[Start of Attachment]

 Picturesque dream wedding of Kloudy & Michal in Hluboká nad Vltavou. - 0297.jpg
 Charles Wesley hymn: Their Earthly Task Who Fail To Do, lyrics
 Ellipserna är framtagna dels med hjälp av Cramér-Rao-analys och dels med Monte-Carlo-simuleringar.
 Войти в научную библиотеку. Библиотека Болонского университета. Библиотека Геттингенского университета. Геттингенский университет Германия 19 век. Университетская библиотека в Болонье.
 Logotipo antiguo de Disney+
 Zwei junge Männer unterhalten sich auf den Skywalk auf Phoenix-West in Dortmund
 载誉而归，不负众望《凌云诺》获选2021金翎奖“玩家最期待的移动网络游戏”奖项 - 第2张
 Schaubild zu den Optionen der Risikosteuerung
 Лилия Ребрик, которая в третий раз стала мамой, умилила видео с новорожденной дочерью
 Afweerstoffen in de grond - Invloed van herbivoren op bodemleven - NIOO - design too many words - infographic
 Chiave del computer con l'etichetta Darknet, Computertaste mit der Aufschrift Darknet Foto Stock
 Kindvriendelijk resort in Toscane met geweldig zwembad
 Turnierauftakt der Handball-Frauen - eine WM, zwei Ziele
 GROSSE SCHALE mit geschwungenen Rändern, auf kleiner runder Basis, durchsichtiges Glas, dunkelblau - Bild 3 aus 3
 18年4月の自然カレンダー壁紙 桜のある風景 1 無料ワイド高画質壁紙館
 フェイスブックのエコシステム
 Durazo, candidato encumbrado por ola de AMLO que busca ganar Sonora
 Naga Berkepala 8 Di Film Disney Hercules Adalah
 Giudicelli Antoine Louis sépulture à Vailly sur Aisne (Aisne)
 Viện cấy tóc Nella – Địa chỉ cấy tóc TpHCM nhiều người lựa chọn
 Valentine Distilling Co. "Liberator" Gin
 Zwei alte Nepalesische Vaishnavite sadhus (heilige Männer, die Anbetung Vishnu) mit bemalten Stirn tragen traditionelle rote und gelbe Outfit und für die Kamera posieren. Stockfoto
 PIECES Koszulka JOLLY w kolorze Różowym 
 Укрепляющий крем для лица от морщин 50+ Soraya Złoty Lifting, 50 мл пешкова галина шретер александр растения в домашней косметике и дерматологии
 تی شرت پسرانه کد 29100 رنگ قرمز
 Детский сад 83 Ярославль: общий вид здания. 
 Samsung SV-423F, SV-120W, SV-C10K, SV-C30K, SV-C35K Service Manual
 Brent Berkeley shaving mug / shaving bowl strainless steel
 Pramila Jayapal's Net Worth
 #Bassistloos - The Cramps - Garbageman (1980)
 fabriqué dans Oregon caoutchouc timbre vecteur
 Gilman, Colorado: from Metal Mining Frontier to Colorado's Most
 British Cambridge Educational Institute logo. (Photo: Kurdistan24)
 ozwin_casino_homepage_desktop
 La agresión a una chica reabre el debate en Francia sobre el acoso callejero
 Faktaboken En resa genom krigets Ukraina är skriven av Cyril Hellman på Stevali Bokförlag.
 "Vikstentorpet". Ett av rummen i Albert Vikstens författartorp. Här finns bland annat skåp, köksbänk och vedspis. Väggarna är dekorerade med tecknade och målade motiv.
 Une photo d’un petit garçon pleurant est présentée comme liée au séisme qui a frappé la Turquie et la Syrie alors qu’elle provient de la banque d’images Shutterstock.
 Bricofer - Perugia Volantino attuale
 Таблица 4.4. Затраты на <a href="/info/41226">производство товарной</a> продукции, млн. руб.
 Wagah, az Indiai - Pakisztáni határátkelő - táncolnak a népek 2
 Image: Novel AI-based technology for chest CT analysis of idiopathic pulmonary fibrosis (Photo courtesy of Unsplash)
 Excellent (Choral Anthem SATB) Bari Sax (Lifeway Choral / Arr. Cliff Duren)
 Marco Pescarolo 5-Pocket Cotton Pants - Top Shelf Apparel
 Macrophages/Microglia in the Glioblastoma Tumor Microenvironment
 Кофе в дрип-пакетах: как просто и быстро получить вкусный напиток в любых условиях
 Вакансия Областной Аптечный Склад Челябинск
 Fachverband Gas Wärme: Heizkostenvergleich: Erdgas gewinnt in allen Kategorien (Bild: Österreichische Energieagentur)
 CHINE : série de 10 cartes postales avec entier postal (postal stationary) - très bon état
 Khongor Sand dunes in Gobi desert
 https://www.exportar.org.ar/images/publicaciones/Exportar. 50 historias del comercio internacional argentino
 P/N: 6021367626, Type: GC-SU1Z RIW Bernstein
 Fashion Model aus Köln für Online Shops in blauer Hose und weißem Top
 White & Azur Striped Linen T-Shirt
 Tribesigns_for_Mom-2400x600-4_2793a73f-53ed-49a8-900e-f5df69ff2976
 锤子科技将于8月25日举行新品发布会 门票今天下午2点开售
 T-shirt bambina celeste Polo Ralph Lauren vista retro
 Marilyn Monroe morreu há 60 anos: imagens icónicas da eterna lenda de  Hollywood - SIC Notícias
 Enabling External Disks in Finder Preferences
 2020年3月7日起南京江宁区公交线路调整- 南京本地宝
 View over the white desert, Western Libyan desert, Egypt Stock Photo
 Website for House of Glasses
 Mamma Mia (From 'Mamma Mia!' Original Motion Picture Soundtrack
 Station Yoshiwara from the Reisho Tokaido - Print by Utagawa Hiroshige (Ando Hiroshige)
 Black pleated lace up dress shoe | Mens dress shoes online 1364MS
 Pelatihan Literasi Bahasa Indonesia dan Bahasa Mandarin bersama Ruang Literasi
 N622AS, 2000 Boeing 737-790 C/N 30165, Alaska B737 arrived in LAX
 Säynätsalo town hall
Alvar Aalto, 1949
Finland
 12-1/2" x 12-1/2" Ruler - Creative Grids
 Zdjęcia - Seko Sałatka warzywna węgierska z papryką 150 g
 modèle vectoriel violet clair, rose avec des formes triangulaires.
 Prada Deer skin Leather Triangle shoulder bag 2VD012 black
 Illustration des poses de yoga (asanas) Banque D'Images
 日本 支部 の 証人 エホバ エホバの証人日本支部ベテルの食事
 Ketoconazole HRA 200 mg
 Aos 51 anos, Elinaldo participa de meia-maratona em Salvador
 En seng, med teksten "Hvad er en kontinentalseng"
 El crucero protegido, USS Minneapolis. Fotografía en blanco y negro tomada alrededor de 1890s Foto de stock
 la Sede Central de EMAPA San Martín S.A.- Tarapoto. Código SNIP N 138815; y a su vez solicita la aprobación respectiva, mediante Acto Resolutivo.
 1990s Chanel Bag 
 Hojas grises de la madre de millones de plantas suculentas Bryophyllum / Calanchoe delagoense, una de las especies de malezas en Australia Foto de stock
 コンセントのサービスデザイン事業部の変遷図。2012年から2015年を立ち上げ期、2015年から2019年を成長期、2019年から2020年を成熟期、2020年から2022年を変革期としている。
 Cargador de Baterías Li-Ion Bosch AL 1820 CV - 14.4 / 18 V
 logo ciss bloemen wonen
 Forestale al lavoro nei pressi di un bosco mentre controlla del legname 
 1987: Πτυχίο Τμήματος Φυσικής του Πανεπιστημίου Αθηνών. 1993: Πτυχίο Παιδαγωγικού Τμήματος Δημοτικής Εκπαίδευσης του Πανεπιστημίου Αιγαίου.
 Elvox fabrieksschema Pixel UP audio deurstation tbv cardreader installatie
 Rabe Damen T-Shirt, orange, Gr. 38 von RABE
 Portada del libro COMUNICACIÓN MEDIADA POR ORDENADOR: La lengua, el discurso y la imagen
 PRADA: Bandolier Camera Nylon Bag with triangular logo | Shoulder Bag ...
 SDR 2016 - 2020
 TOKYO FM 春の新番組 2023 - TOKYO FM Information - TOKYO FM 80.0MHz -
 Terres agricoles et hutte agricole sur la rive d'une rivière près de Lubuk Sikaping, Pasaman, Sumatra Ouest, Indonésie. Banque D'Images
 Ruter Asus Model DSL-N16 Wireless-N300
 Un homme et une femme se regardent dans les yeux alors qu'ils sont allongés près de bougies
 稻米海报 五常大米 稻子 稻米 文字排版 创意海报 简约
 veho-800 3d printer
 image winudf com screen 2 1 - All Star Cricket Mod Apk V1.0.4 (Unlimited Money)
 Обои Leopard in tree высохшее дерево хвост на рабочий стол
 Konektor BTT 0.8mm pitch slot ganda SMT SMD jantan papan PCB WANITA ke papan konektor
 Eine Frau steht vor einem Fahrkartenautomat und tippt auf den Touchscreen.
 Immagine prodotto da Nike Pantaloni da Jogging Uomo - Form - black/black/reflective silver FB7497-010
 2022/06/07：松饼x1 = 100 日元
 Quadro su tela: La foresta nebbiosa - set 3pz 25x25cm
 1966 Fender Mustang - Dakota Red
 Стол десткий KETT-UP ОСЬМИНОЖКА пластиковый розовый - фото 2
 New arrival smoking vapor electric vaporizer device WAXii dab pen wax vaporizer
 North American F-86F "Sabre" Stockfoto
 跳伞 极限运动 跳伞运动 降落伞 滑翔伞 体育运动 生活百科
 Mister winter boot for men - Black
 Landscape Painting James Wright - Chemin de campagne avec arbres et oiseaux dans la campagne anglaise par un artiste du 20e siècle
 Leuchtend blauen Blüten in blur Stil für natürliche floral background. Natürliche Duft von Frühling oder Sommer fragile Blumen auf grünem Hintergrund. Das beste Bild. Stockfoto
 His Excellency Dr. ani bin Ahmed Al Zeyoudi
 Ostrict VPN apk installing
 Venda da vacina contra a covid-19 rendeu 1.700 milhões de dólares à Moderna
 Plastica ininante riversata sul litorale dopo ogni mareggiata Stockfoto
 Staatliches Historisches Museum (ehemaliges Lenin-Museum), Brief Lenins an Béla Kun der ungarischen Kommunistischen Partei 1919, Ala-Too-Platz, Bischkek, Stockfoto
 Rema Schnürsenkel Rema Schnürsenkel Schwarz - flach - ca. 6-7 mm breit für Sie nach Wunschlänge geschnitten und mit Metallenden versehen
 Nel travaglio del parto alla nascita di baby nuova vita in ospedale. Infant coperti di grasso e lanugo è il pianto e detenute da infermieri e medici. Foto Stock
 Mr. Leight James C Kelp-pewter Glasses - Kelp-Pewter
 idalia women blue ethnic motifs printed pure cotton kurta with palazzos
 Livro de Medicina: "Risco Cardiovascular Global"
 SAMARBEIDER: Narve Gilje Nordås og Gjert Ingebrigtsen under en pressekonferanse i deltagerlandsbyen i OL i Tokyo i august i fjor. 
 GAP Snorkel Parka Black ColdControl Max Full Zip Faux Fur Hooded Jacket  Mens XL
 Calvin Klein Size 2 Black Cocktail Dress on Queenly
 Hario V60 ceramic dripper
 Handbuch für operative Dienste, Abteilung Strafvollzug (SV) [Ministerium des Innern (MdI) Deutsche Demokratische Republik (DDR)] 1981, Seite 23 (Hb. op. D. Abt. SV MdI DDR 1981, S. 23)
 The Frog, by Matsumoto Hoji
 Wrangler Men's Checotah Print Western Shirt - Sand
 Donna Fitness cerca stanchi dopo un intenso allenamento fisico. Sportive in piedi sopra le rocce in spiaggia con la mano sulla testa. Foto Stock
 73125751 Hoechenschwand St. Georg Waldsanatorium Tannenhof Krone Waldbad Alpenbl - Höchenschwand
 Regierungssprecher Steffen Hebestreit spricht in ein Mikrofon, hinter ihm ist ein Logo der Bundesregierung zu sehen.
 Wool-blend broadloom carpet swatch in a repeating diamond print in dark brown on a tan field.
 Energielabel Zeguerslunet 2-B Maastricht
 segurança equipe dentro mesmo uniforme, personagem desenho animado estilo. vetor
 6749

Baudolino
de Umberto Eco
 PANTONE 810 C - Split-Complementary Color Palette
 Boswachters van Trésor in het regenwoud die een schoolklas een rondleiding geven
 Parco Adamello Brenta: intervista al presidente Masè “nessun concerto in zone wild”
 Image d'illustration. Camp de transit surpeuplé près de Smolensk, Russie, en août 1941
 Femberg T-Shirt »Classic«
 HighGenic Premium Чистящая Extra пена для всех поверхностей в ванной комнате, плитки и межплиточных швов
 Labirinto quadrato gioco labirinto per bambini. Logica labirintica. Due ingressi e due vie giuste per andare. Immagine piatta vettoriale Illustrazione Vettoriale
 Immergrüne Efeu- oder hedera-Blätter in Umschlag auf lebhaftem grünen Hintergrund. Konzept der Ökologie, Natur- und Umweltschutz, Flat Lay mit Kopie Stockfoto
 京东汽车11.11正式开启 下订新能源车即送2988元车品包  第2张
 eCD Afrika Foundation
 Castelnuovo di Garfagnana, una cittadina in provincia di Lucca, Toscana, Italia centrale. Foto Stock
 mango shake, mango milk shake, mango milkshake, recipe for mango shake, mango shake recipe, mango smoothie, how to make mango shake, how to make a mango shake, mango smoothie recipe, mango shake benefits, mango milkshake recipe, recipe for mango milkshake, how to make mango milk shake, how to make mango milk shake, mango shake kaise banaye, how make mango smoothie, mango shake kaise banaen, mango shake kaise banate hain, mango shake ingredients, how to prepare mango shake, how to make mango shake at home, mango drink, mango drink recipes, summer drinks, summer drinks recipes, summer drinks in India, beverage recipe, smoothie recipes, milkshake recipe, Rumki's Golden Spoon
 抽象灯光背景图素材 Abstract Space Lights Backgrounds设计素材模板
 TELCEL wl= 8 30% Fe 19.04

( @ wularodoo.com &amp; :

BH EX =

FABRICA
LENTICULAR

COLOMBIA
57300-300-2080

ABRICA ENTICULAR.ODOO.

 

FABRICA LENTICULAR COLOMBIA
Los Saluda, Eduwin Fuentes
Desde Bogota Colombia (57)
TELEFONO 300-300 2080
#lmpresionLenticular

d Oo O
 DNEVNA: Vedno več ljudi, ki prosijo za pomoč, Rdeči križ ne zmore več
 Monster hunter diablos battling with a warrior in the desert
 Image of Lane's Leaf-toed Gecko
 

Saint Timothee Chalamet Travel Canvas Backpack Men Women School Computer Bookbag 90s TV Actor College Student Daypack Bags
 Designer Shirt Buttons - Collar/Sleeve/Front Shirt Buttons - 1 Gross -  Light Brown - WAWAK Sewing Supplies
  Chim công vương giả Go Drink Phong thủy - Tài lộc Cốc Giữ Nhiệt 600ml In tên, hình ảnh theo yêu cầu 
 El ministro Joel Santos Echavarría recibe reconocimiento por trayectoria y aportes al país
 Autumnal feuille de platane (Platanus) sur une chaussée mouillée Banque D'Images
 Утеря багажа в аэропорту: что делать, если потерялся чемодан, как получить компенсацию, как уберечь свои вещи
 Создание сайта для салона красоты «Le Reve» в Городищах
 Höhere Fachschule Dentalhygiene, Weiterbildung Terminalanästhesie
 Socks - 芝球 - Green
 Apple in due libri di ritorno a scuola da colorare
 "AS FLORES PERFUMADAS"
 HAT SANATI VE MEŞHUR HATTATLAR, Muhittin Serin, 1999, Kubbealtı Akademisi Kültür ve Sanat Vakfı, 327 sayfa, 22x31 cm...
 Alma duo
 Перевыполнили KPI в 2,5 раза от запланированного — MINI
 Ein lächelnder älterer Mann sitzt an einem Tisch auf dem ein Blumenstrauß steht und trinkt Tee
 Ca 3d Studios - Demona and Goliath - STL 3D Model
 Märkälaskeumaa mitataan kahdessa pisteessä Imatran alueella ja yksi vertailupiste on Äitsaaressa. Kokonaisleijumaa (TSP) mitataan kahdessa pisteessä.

[End of Attachment]

= Your objective =
The required output is every line above from the one with "Image d'illustration. Camp" down to the one with "Castelnuovo di Garfagnana, una", restated word for word, ends included.

= Response to this task =
 Image d'illustration. Camp de transit surpeuplé près de Smolensk, Russie, en août 1941
 Femberg T-Shirt »Classic«
 HighGenic Premium Чистящая Extra пена для всех поверхностей в ванной комнате, плитки и межплиточных швов
 Labirinto quadrato gioco labirinto per bambini. Logica labirintica. Due ingressi e due vie giuste per andare. Immagine piatta vettoriale Illustrazione Vettoriale
 Immergrüne Efeu- oder hedera-Blätter in Umschlag auf lebhaftem grünen Hintergrund. Konzept der Ökologie, Natur- und Umweltschutz, Flat Lay mit Kopie Stockfoto
 京东汽车11.11正式开启 下订新能源车即送2988元车品包  第2张
 eCD Afrika Foundation
 Castelnuovo di Garfagnana, una cittadina in provincia di Lucca, Toscana, Italia centrale. Foto Stock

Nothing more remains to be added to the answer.